Per team policy, the Thunder declined to make any team medical personnel available for interviews. But Holmgren said that he had put on muscle and weight since the summer and that he was on schedule to return to play next season.
“It’s naïve to think that he’ll step back on the court on Day 1 and be back to 100 percent,” said Brian Sutterer, a sports medicine doctor in Missouri who has not treated Holmgren but has discussed Holmgren’s injury on his YouTube channel. “His foot might feel stiffer at times. He might not have quite the range of motion. And he has to learn to trust it again after a fluke injury like what he had. But there’s no reason to think he won’t be able to return to a high level of play and enjoy a long career.”
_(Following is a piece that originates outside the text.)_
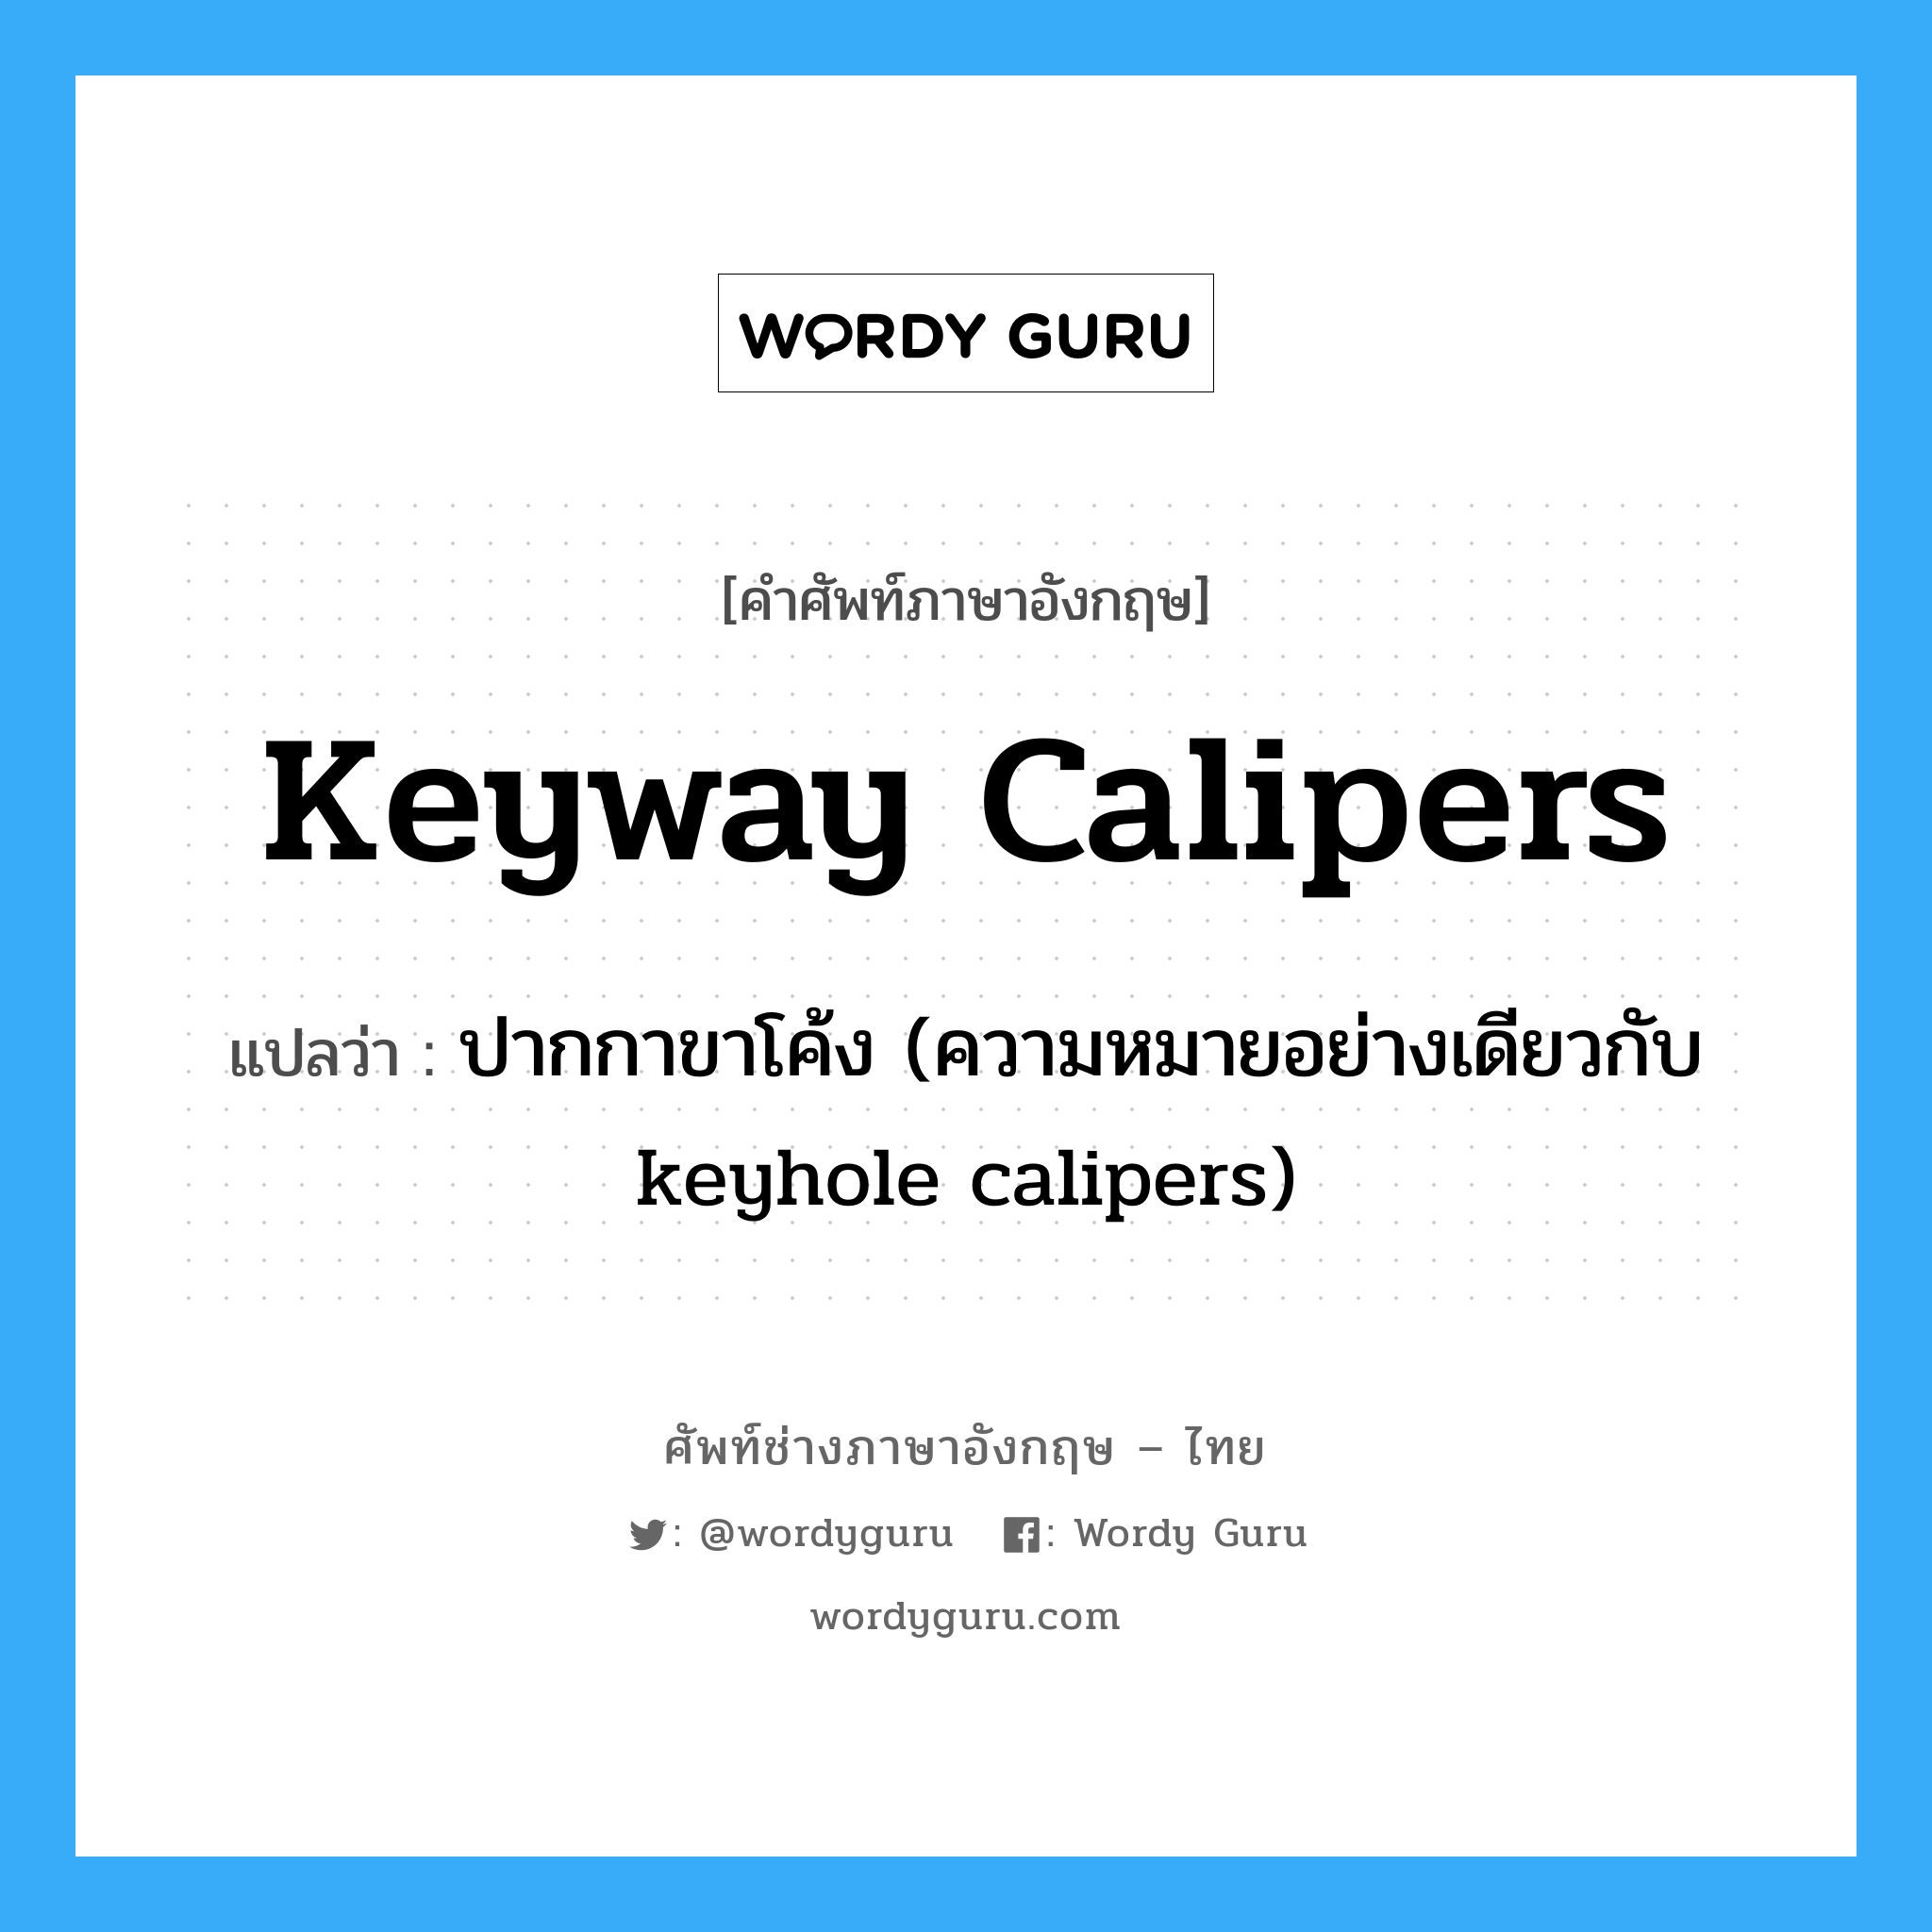 keyway calipers แปลว่า?, คำศัพท์ช่างภาษาอังกฤษ - ไทย keyway calipers คำศัพท์ภาษาอังกฤษ keyway calipers แปลว่า ปากกาขาโค้ง (ความหมายอย่างเดียวกับ keyhole calipers)

Fortunately for Holmgren, all the goals he set for himself before this season are still possible in the 2023-24 campaign. He will still be eligible for the Rookie of the Year Award, and he was enticed by the potential for competing against another skinny, skilled seven-footer, Victor Wembanyama. But more than that, he was excited about helping a young Thunder roster coalesce into a championship-caliber team.
“We’re winning games at the buzzer, we’re losing games at the buzzer,” he said. “We’re winning games by 4 points, we’re losing games by 4 points. It’s not like we’re losing every game by 30 points. I don’t have to try to come in and be Superman. I just have to figure out how to help make this team 5 points better and then keep building from there.”